• _SUPPLIED MATERIAL_:
.....
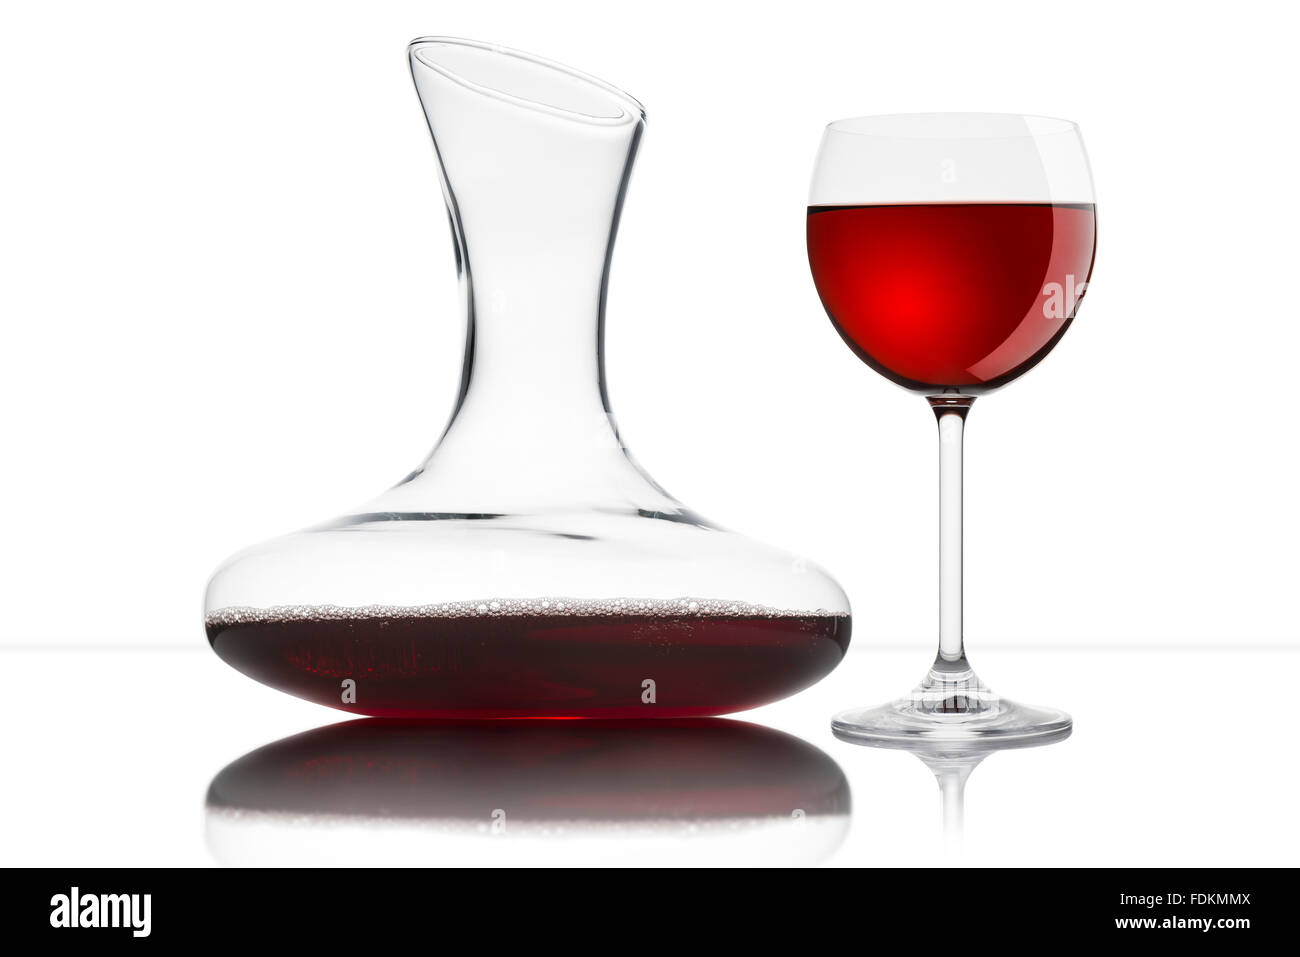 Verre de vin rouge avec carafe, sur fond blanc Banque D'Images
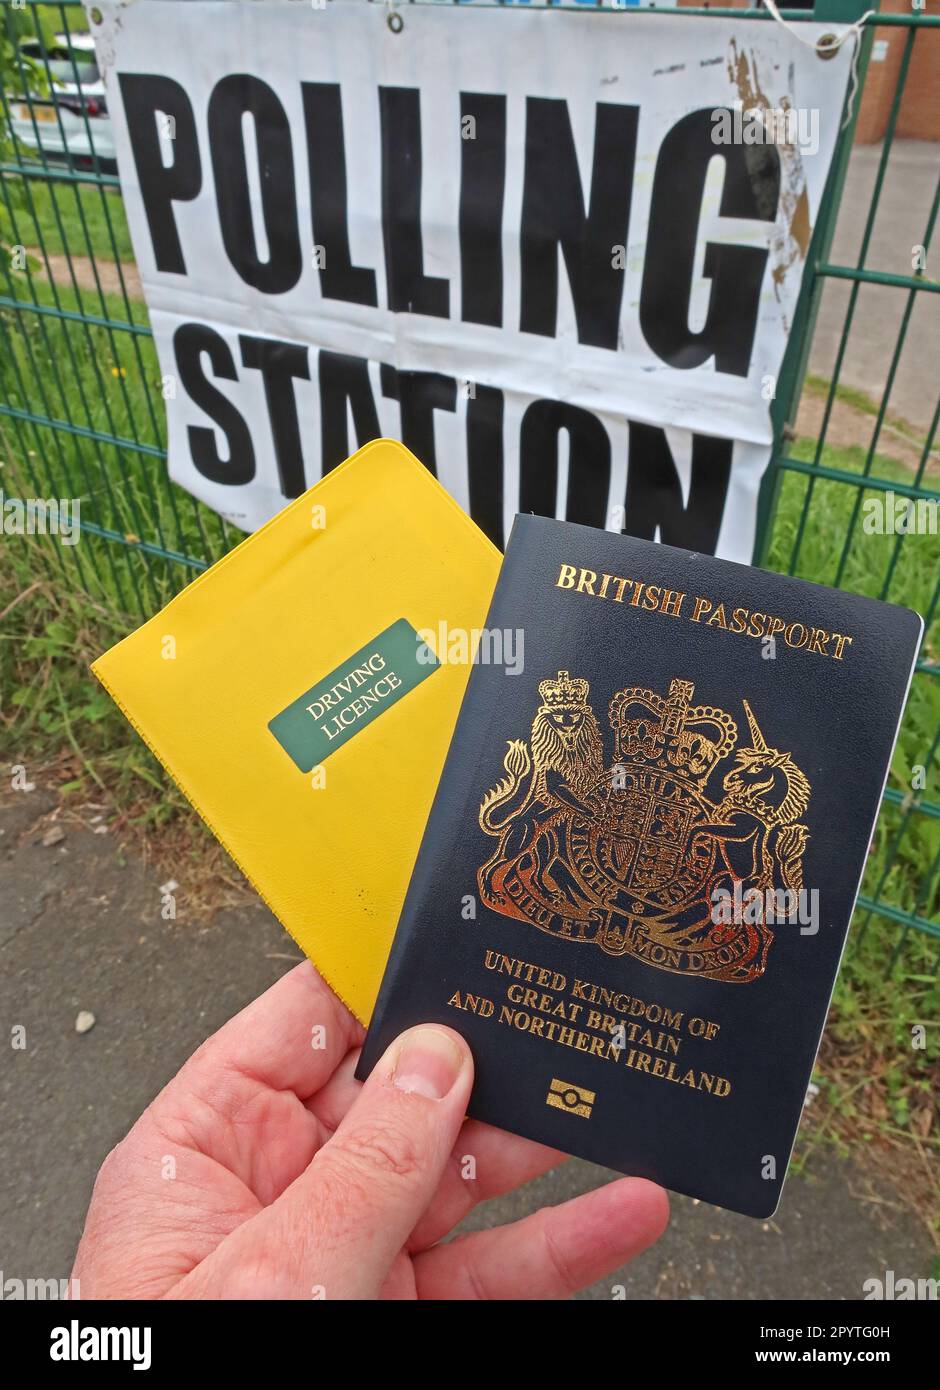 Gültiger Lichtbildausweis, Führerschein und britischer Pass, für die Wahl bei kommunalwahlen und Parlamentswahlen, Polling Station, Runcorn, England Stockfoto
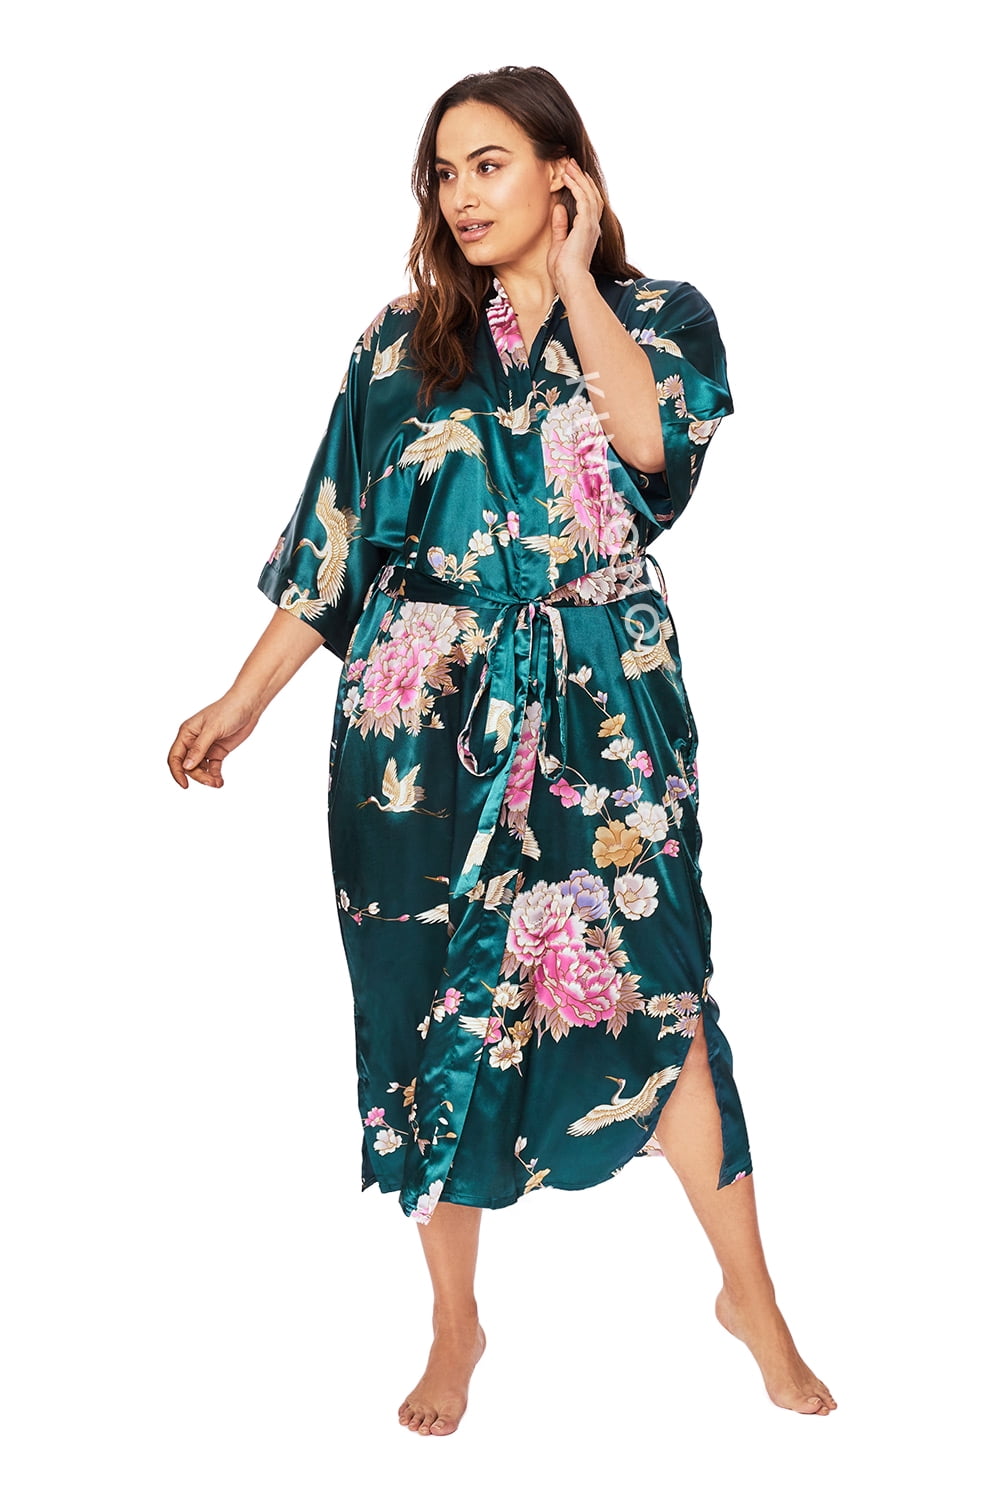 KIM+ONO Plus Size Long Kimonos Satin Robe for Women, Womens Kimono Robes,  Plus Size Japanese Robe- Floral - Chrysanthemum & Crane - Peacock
.....
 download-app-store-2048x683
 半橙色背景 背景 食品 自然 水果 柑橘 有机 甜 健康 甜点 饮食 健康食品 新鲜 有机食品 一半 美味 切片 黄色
.....
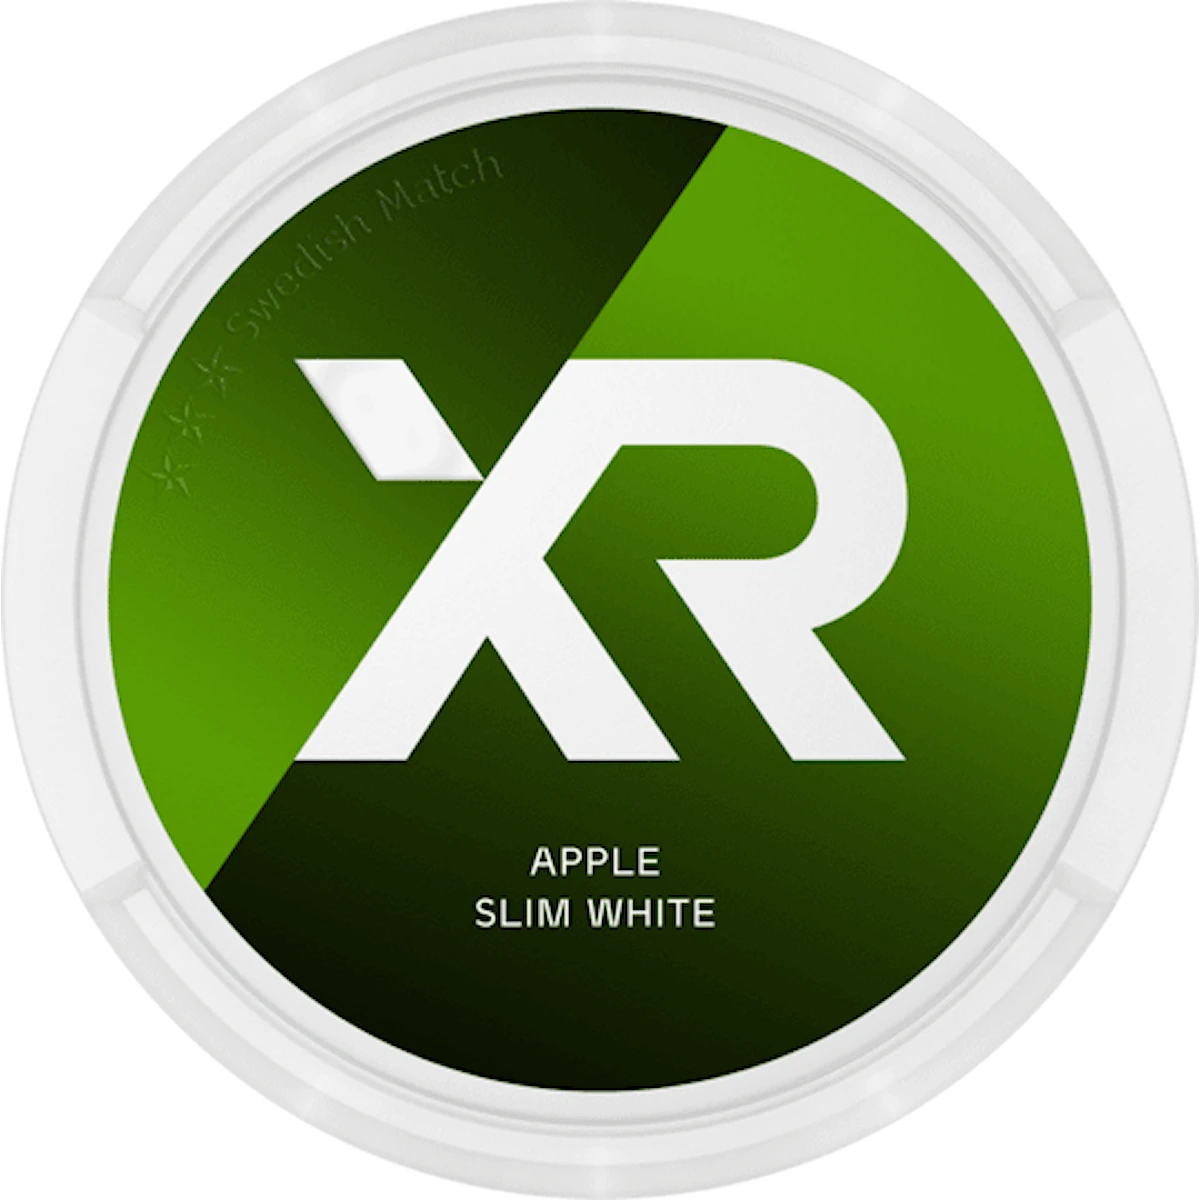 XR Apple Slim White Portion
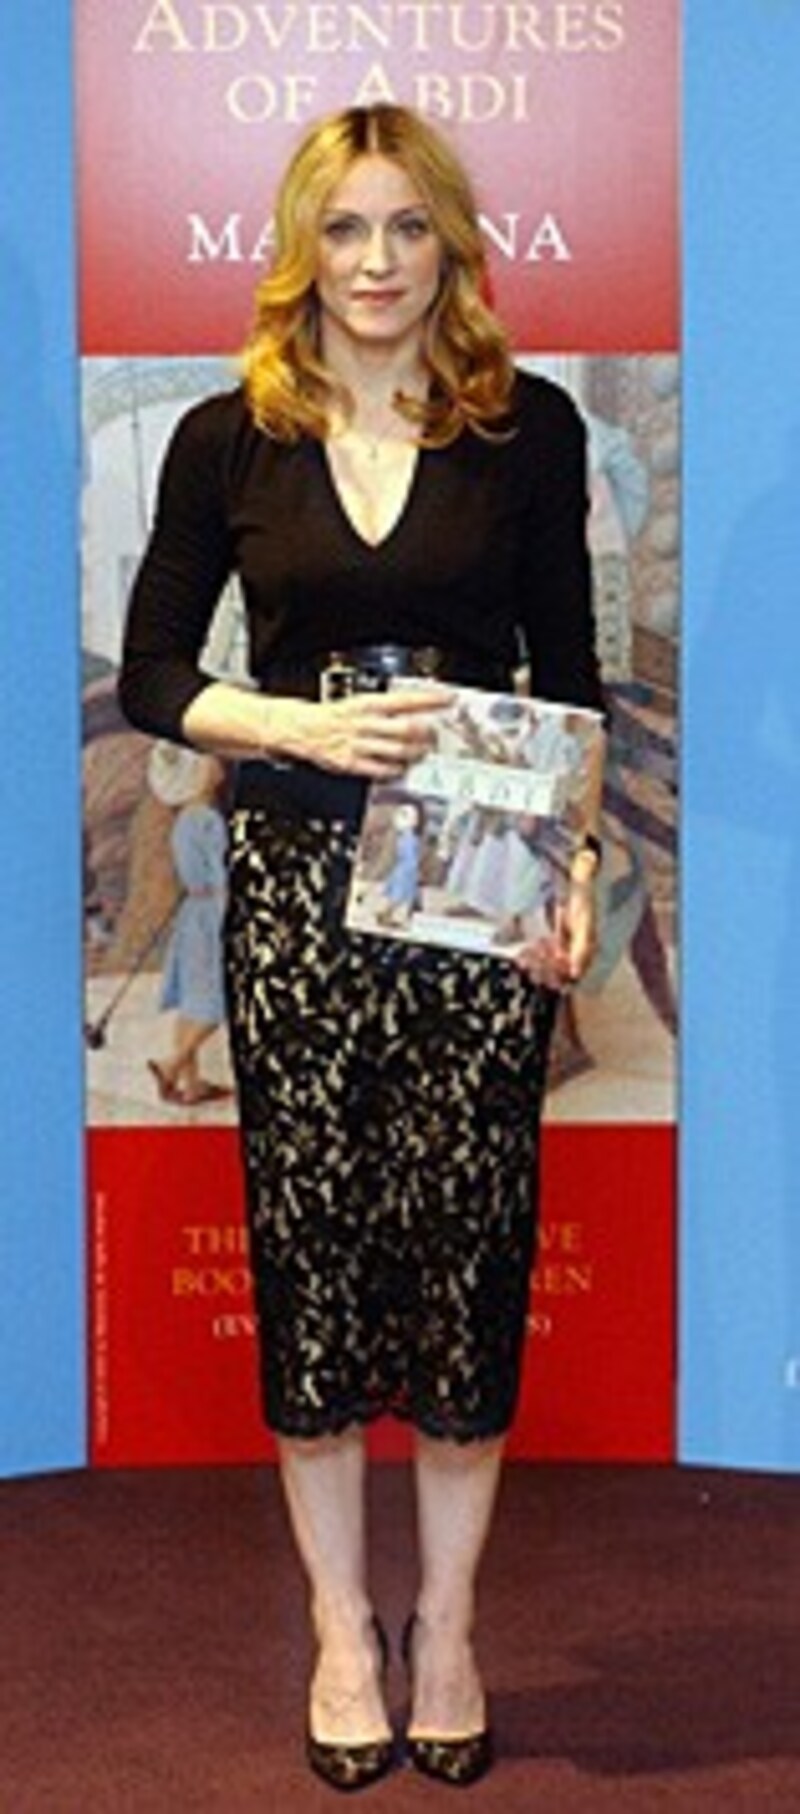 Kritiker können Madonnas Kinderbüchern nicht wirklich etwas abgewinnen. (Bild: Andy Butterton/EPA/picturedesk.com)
.....
• _TASK DETAILS_: Begin at the line in the entries above that has "Verre de vin", stop after the line that has "KIM+ONO Plus Size", and output exactly those lines without pictures.

• _ANSWER SECTION_:
 Verre de vin rouge avec carafe, sur fond blanc Banque D'Images
 Gültiger Lichtbildausweis, Führerschein und britischer Pass, für die Wahl bei kommunalwahlen und Parlamentswahlen, Polling Station, Runcorn, England Stockfoto
 KIM+ONO Plus Size Long Kimonos Satin Robe for Women, Womens Kimono Robes,  Plus Size Japanese Robe- Floral - Chrysanthemum & Crane - Peacock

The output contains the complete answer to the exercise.